I am seeking an idiomatic (and readable) way to use the function to lexicographically compare two such arguments correctly (one of them is NUL terminated, one of them is not necessarily NUL terminated, with known length).
Does an idiom exist? If so, what is it? If not, what should it be, or what should be used instead?
Simply using the result of strncmp()
won't work, because it will result in a false equality result in the case that the argument with known length is shorter than the NUL terminated one, and it happens to be a prefix. Therefore, extra code is required to test for that case.
As a standalone function I don't see much wrong with this construction, and it appears idiomatic:
/* s1 is NUL terminated */
int variation_as_function (const char *s1, const char *s2, size_t s2len) {
int result = strncmp(s1, s2, s2len);
if (result == 0) {
result = (s1[s2len] != '\0');
}
return result;
}
However, when inlining this construction into code, it results in a double test for 0
when equality needs special action:
int result = strncmp(key, input, inputlen);
if (result == 0) {
result = (key[inputlen] != '\0');
}
if (result == 0) {
do_something();
} else {
do_something_else();
}
The motivation for inlining the call is because the standalone function is esoteric: It matters which string argument is NUL terminated and which one is not.

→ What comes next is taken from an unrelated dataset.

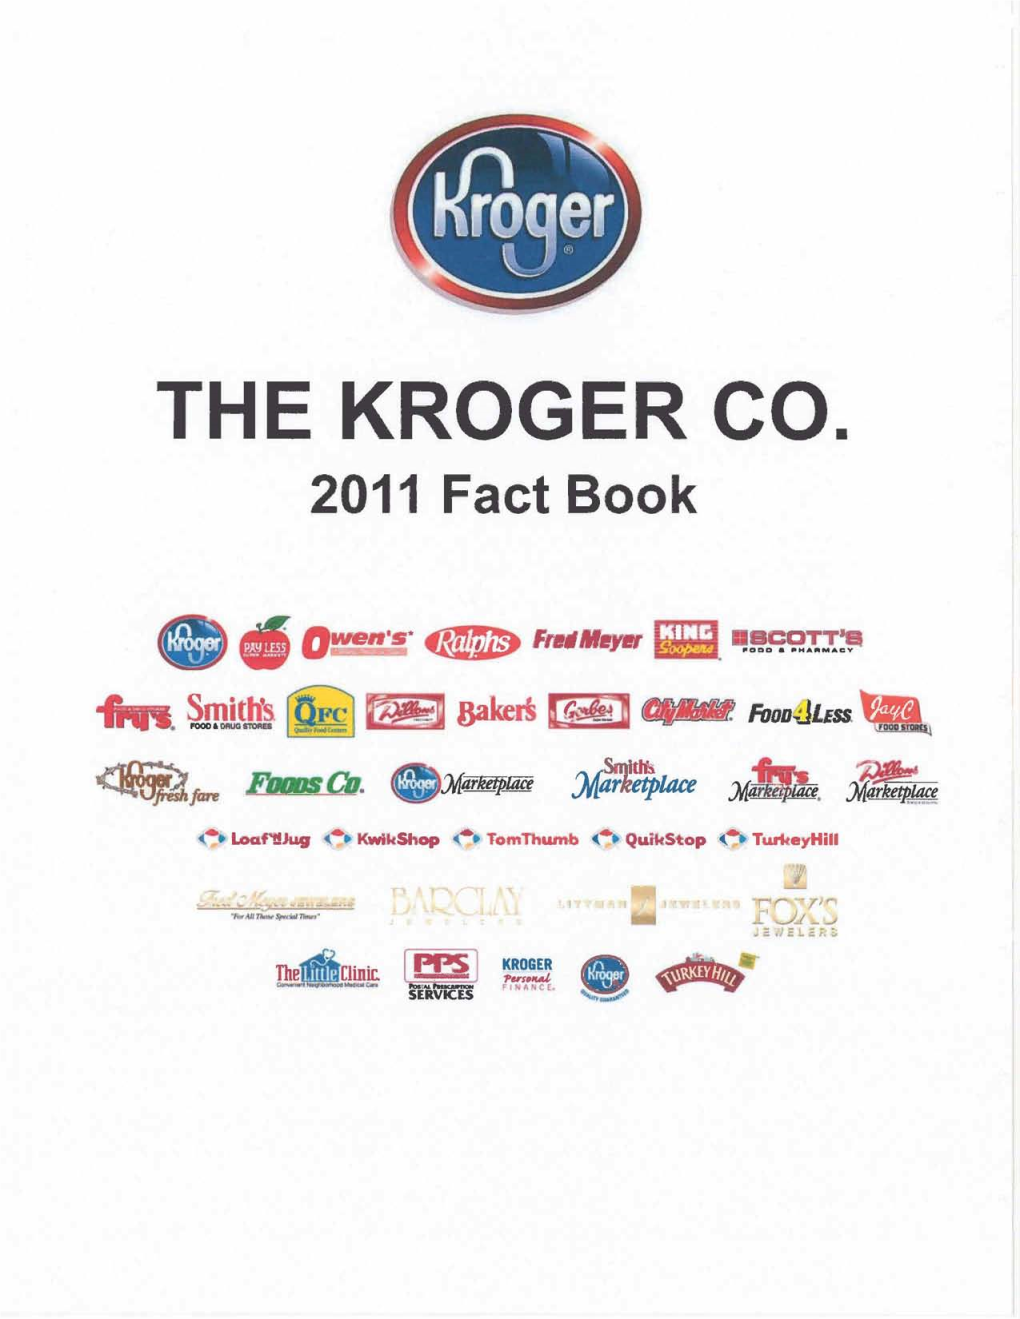 The Kroger Co
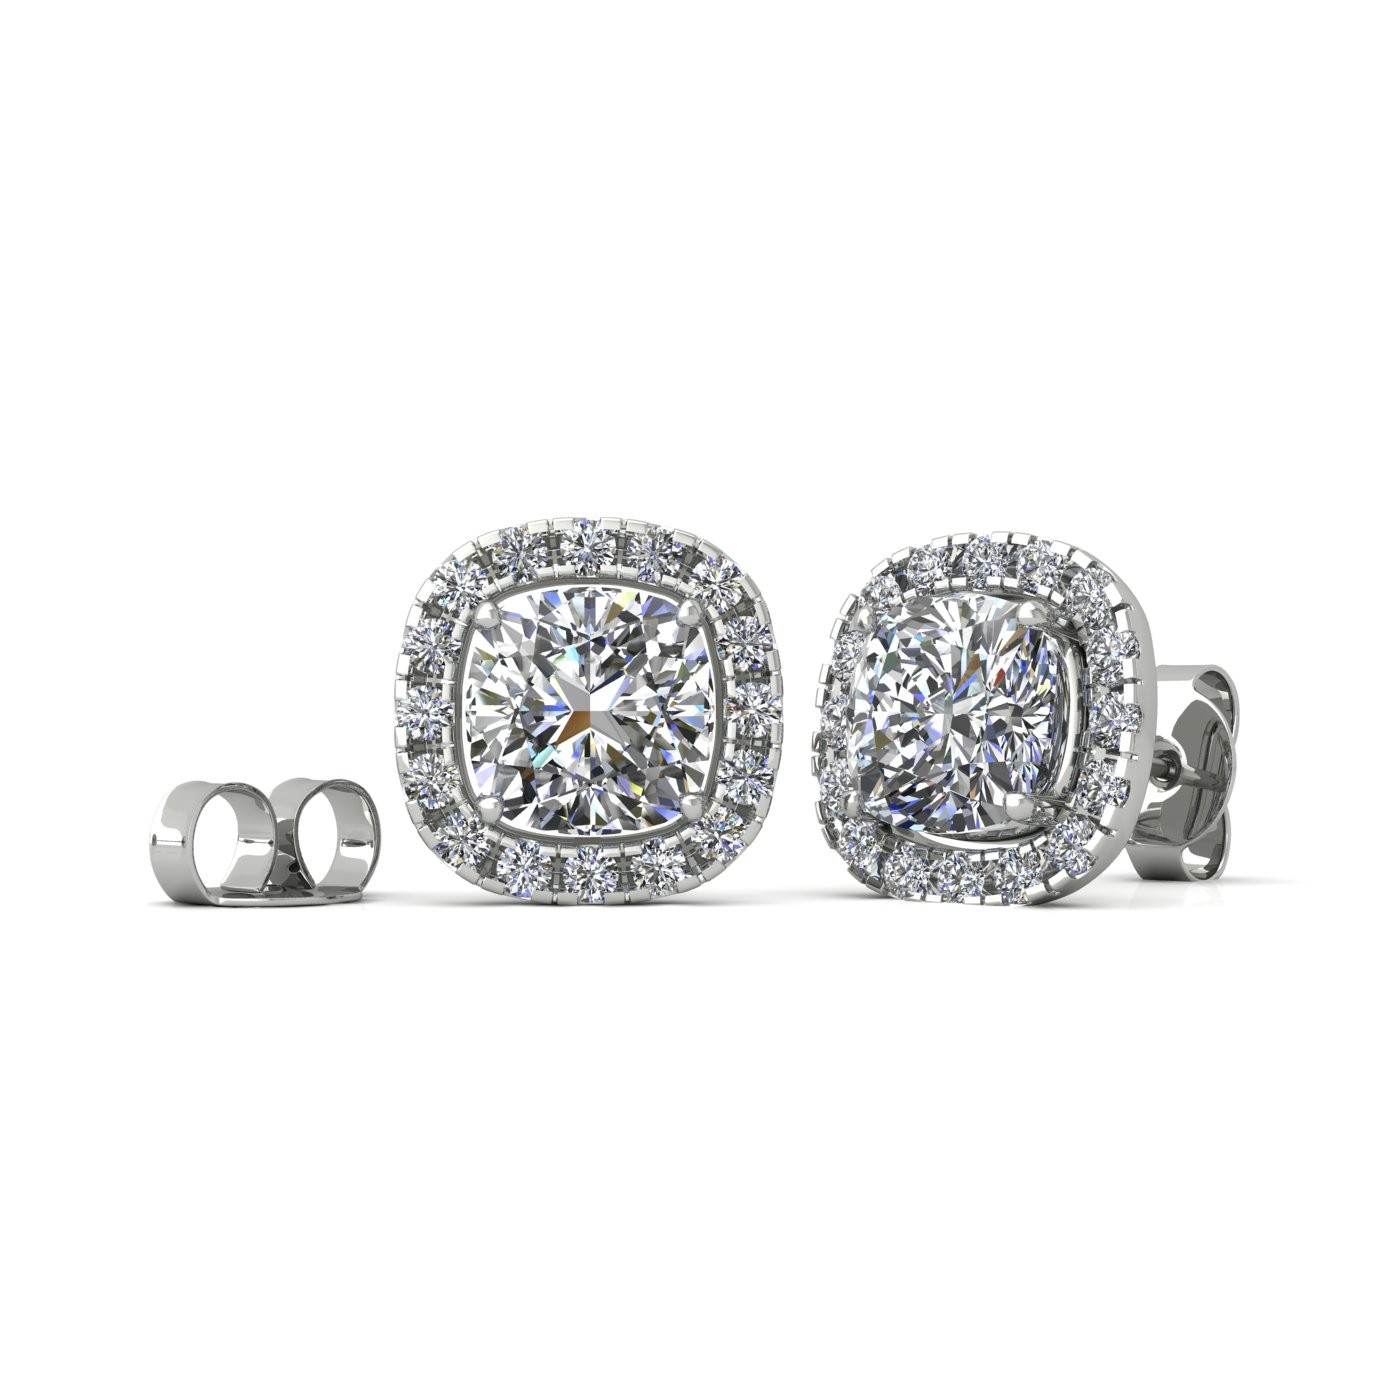 18k white gold  0,7 ct each (1,4 tcw) 4 prongs cushion shape diamond earrings with diamond pavÉ set halo

Please note, the question is not about performance, but about writing idiomatic code and adopting best practices for coding style. I see there is some DRY violation with the comparison. Is there a straightforward way to avoid the duplication?
† By known length, I mean the length is correct (there is no embedded NUL that would truncate the length). In other words, the input was validated at some earlier point in the program, and its length was recorded, but the input is not explicitly NUL terminated. As a hypothetical example, a scanner on a stream of text could have this property.
‡ As has been pointed out by addy2012,strncmp()
could be used for prefix matching. I as focused on lexicographical ordering. However, (1) If the length of the prefix string is used as the length argument, both arguments need to be NUL terminated to guard against reading past an input string shorter than the prefix string. (2) If the minimum length is known between the prefix string and the input string, thenmemcmp()
would be a better choice in terms of providing equivalent functionality at less CPU cost and no loss in readability.